(SUPPLIED DATA begins)
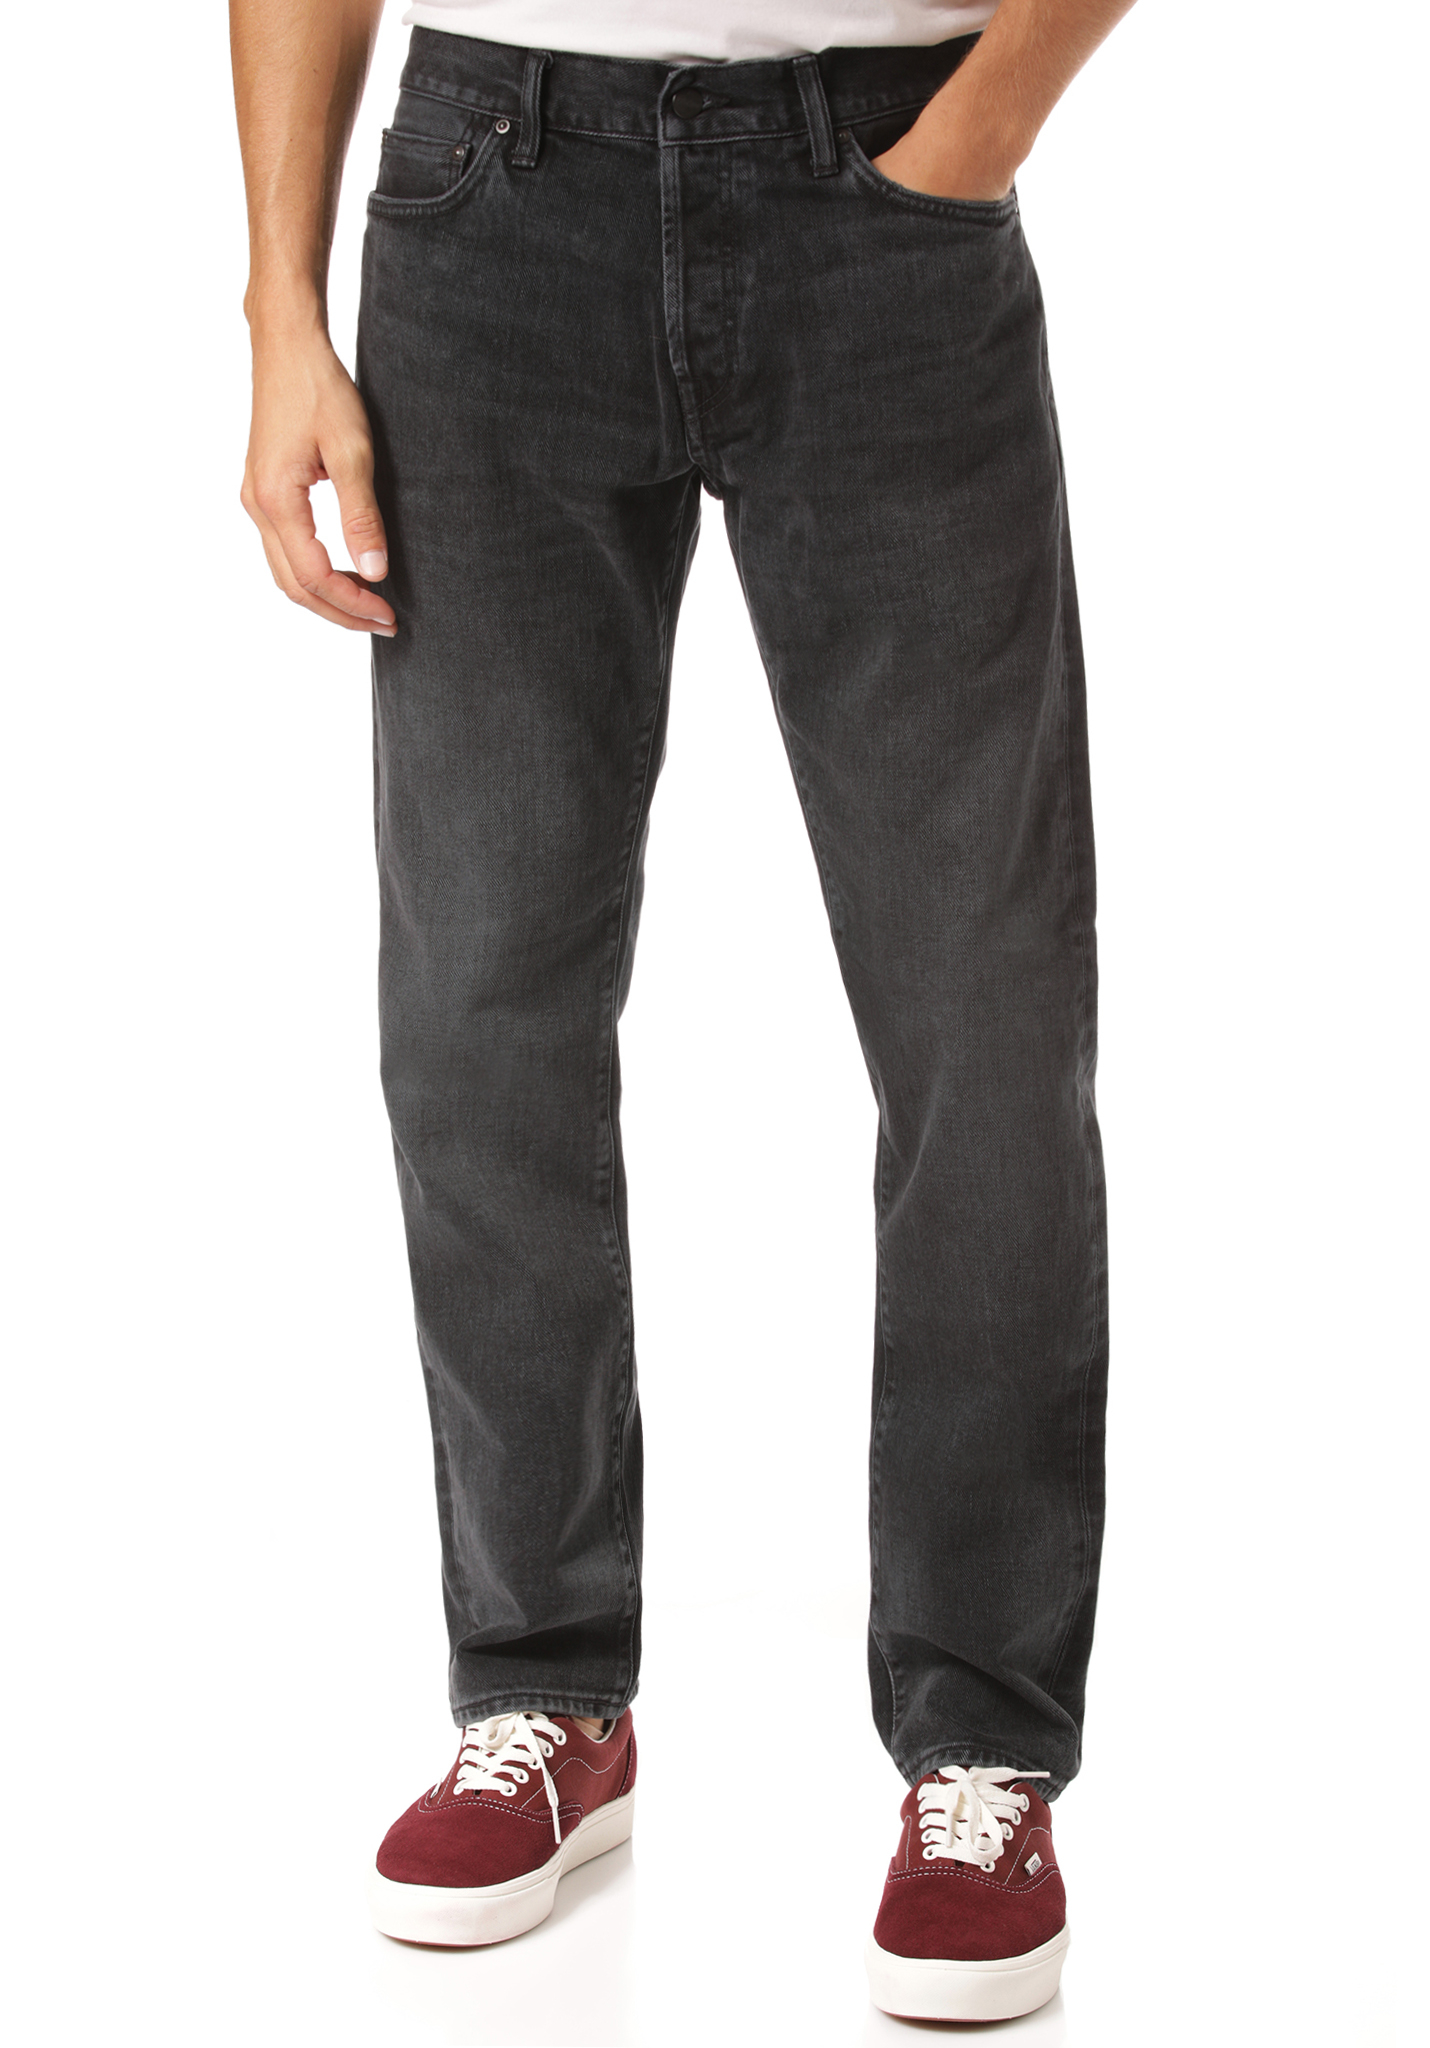 Carhartt WIP Klondike Jeans black mid worn wash 38/34
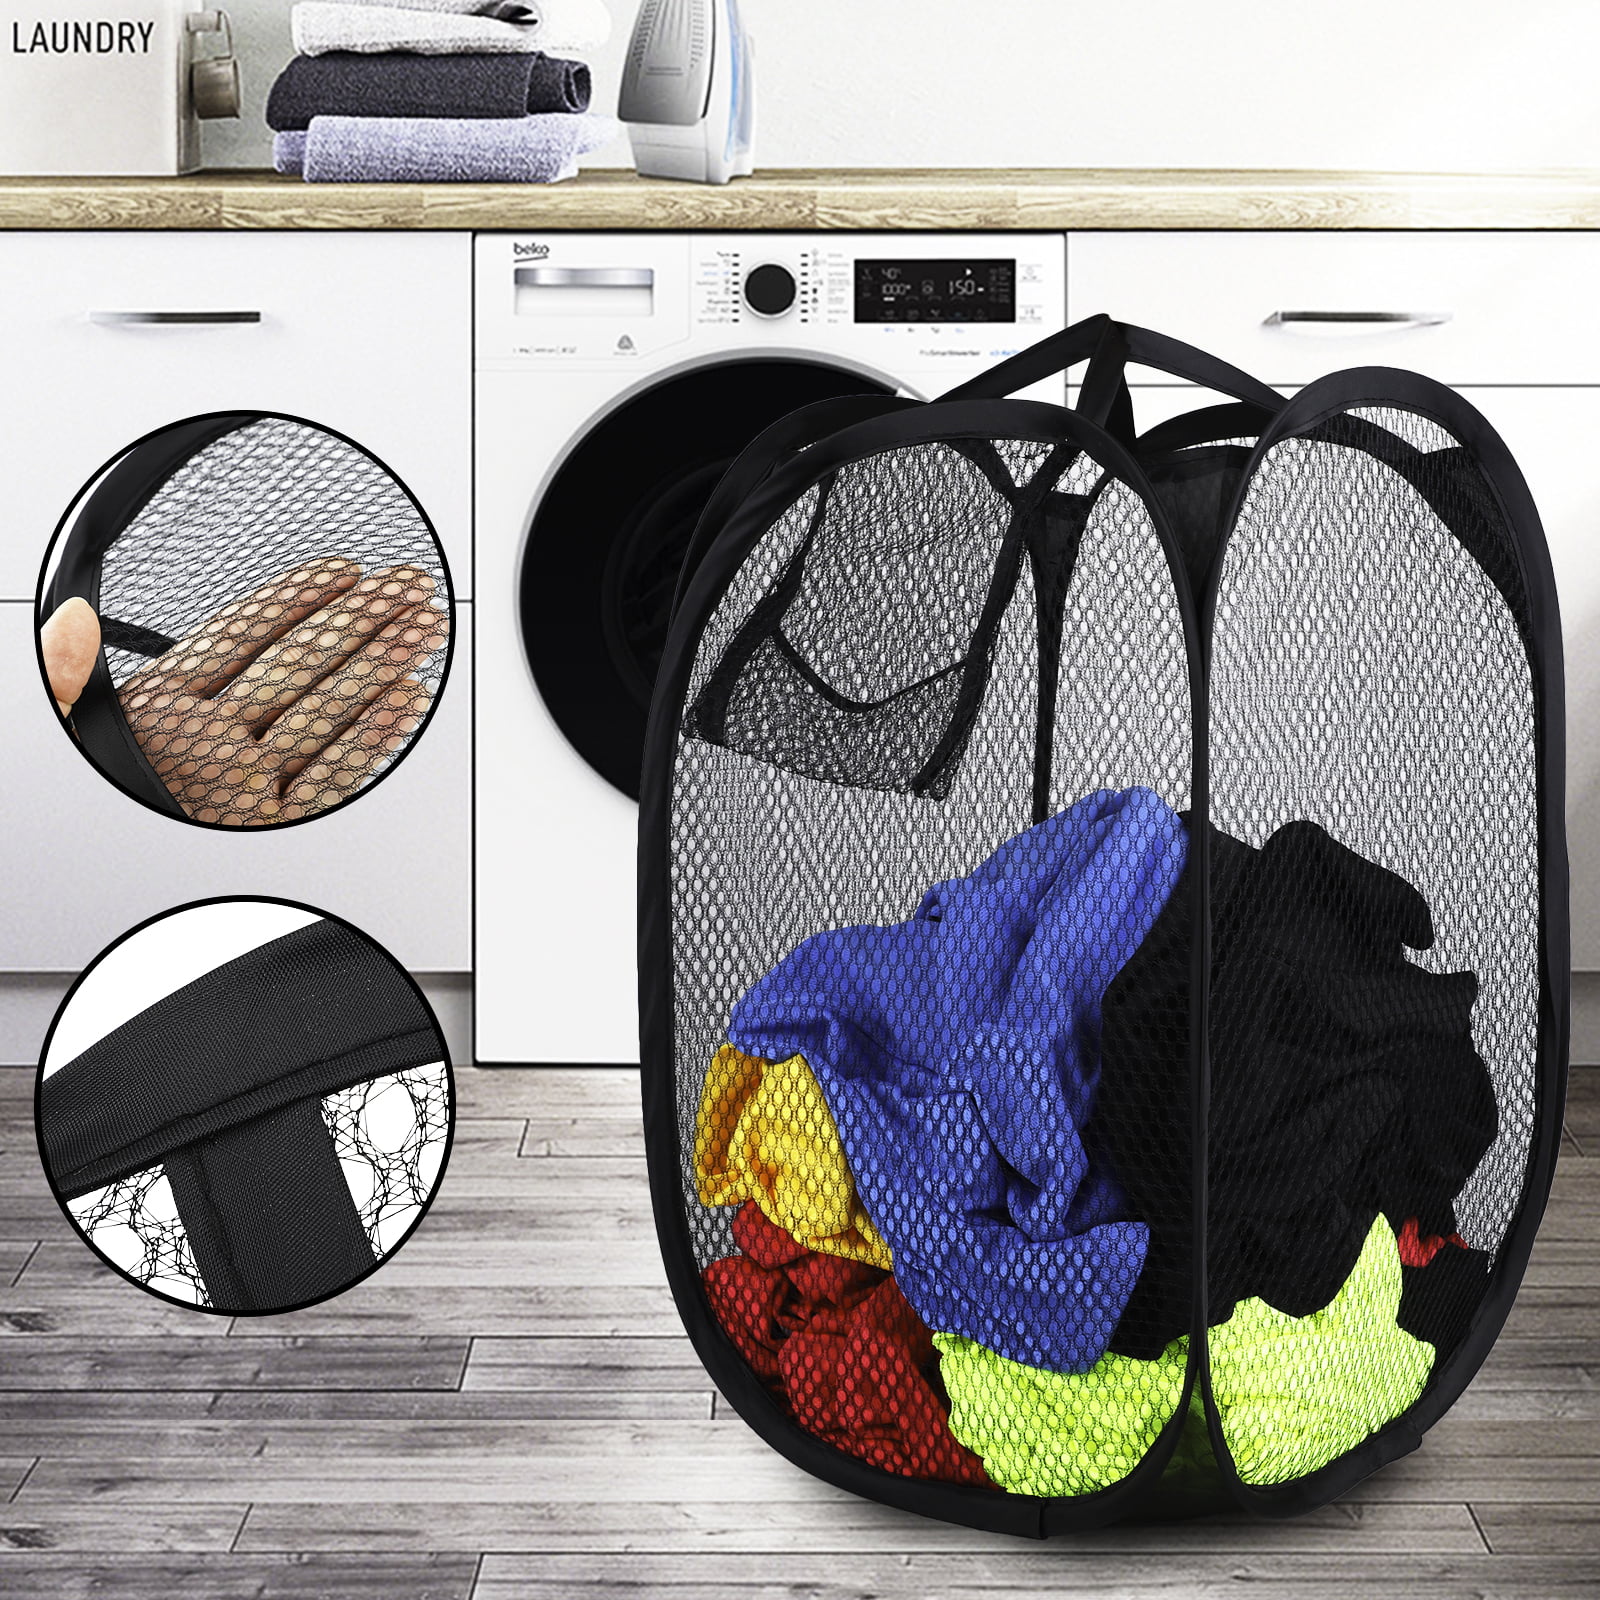 Foldable Pop Up Washing Clothes Laundry Basket Bin Hamper Mesh Storage Bag New 
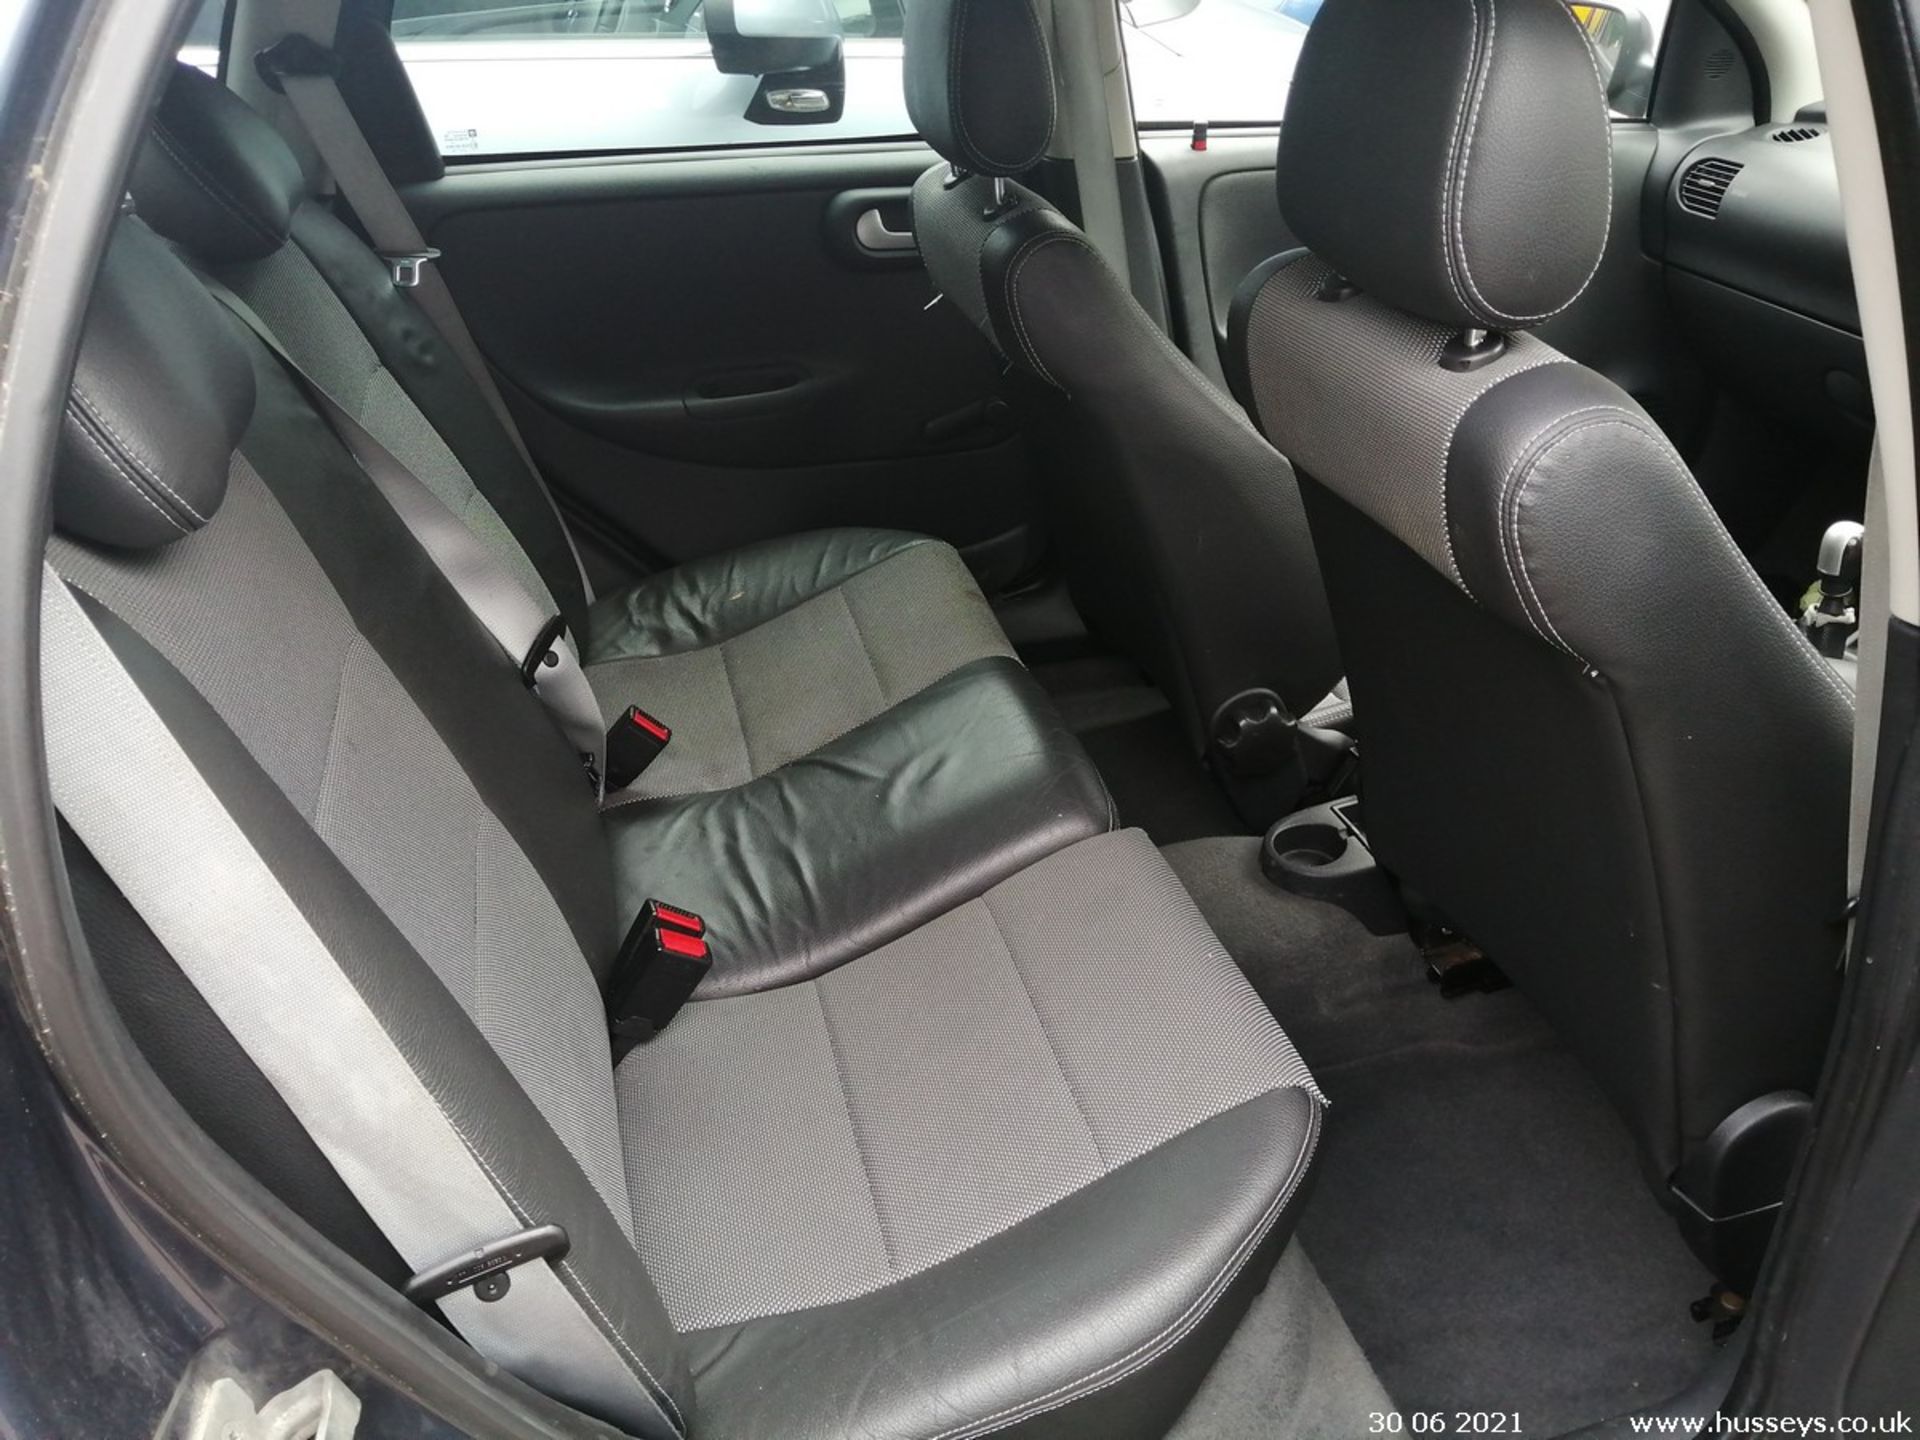 06/06 VAUXHALL CORSA SXI+ CDTI - 1248cc 5dr Hatchback (Blue, 45k) - Image 12 of 12
(SUPPLIED DATA ends)
**WHAT TO PRODUCE**
Transcribe the whole of the data exactly, minus any pictures.

**RESULT OF THIS TASK**
 Carhartt WIP Klondike Jeans black mid worn wash 38/34
 Foldable Pop Up Washing Clothes Laundry Basket Bin Hamper Mesh Storage Bag New 
 06/06 VAUXHALL CORSA SXI+ CDTI - 1248cc 5dr Hatchback (Blue, 45k) - Image 12 of 12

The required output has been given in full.